No data yet.  I got the info from Bram after he came back from Germany from Dieter's event.  He and Roland Dantes talked about it.  My understanding is the Roland Dantes is the on working on it.  Sungkit is a student of SM Roland's and I would think he would be one fo the first with any hard data.  I'm keeping my eyes peeled for this as well.  Wouldn't that be funny if you and I (Americans) met in the PI?

Yours,
Dan Anderson


----------



## sungkit (Jul 6, 2004)

Hello again Dan! We have to stop meeting like this!

The Remy A. Presas Memorial in the PI, 2006 that you have mentioned is definately going ahead as far as I know. It is being organized by IMAF (Philippines) and Guro Roland Dantes is an adviser to the group.

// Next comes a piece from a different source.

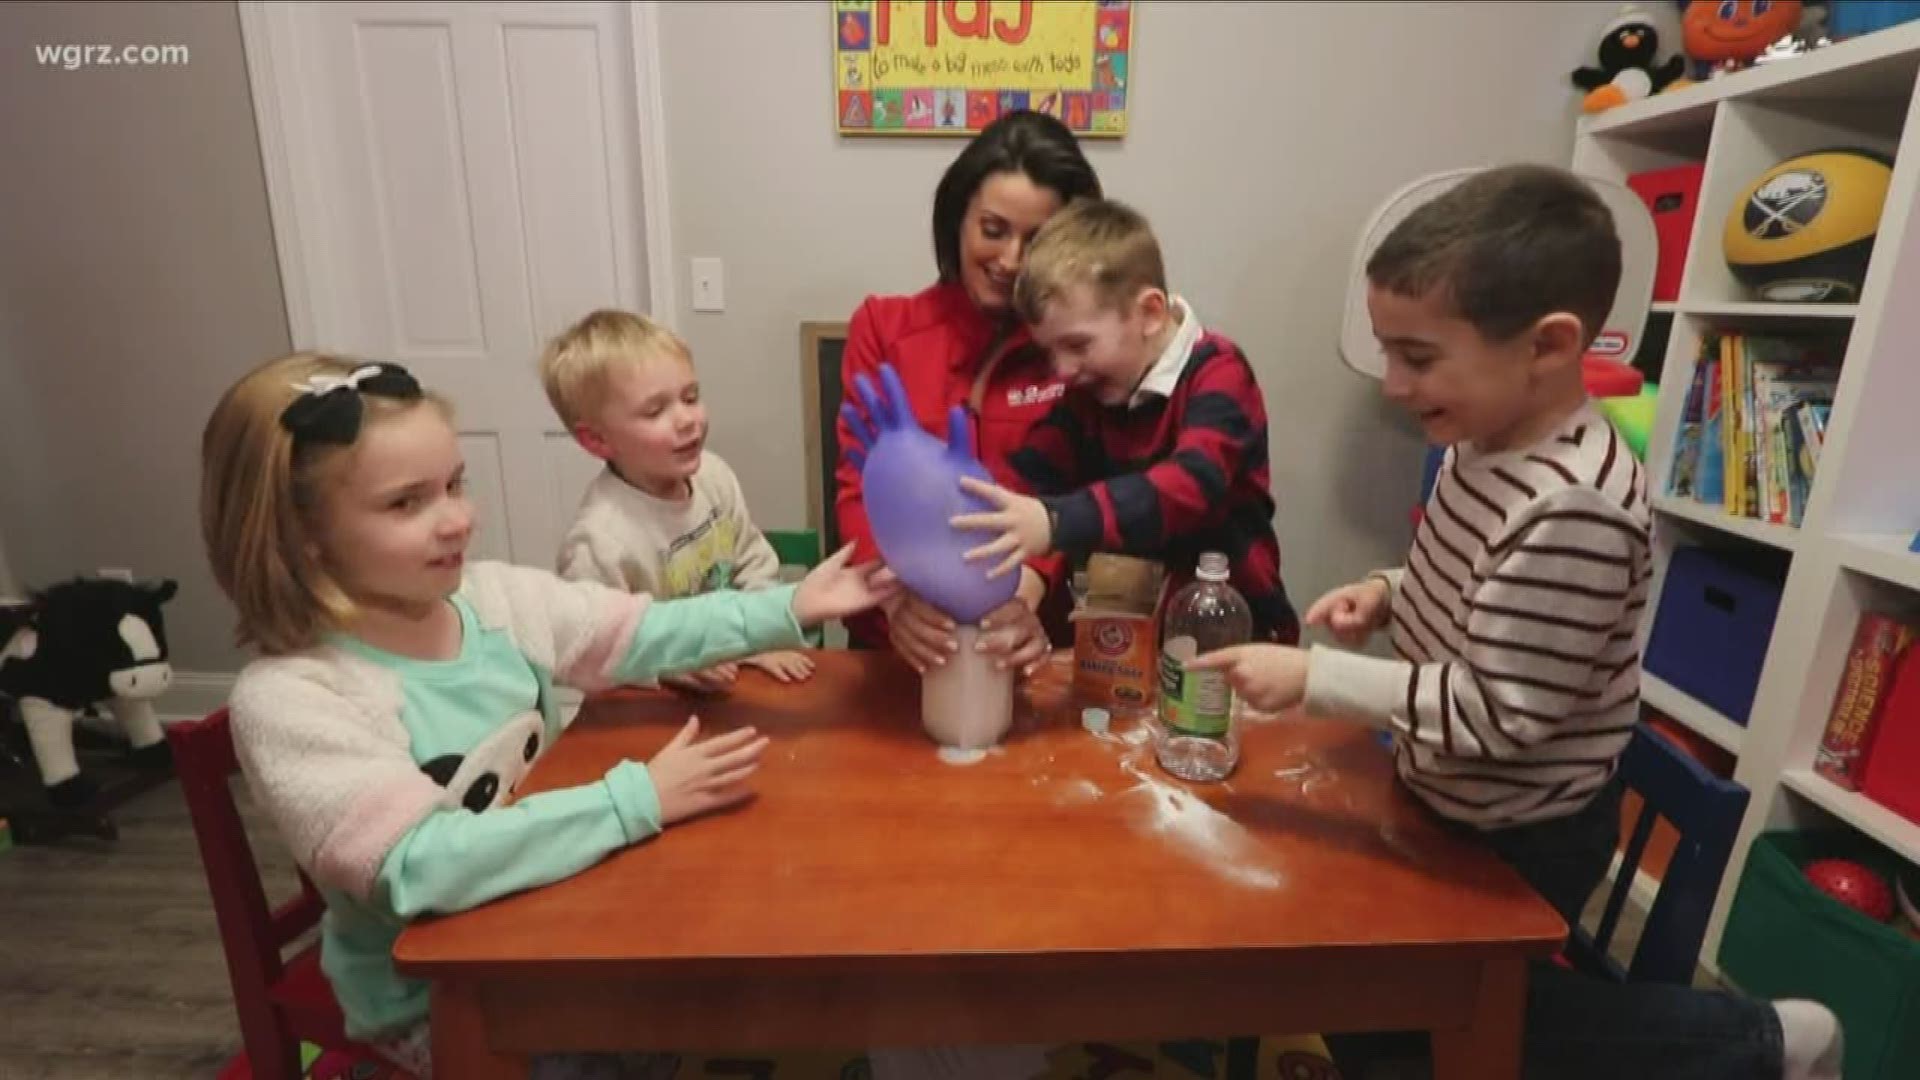 With the kids home from school all week, Daybreak is supplying at-home fun and learning through science experiments. Tuesday features chemical reactions!

It will definitely be a remarkable event as all the senior masters here will be attending and supporting this historical event. As soon as more concrete details are obtained, I will be sure to post them here.


----------



## Guro Harold (Jul 6, 2004)

sungkit said:
			
		

> Hello again Dan! We have to stop meeting like this!
> 
> The Remy A. Presas Memorial in the PI, 2006 that you have mentioned is definately going ahead as far as I know. It is being organized by IMAF (Philippines) and Guro Roland Dantes is an adviser to the group.
> 
> It will definitely be a remarkable event as all the senior masters here will be attending and supporting this historical event. As soon as more concrete details are obtained, I will be sure to post them here.



Hi Sungkit,

That would be greatly appreciated!

Palusut


----------



## sungkit (Jul 7, 2004)

I am glad to post the information for the benefit of those who may be interested in attending. Hopefully when I meet with the Senior Masters again this weekend, I can obtain further details. As they come to hand, i will post it.


----------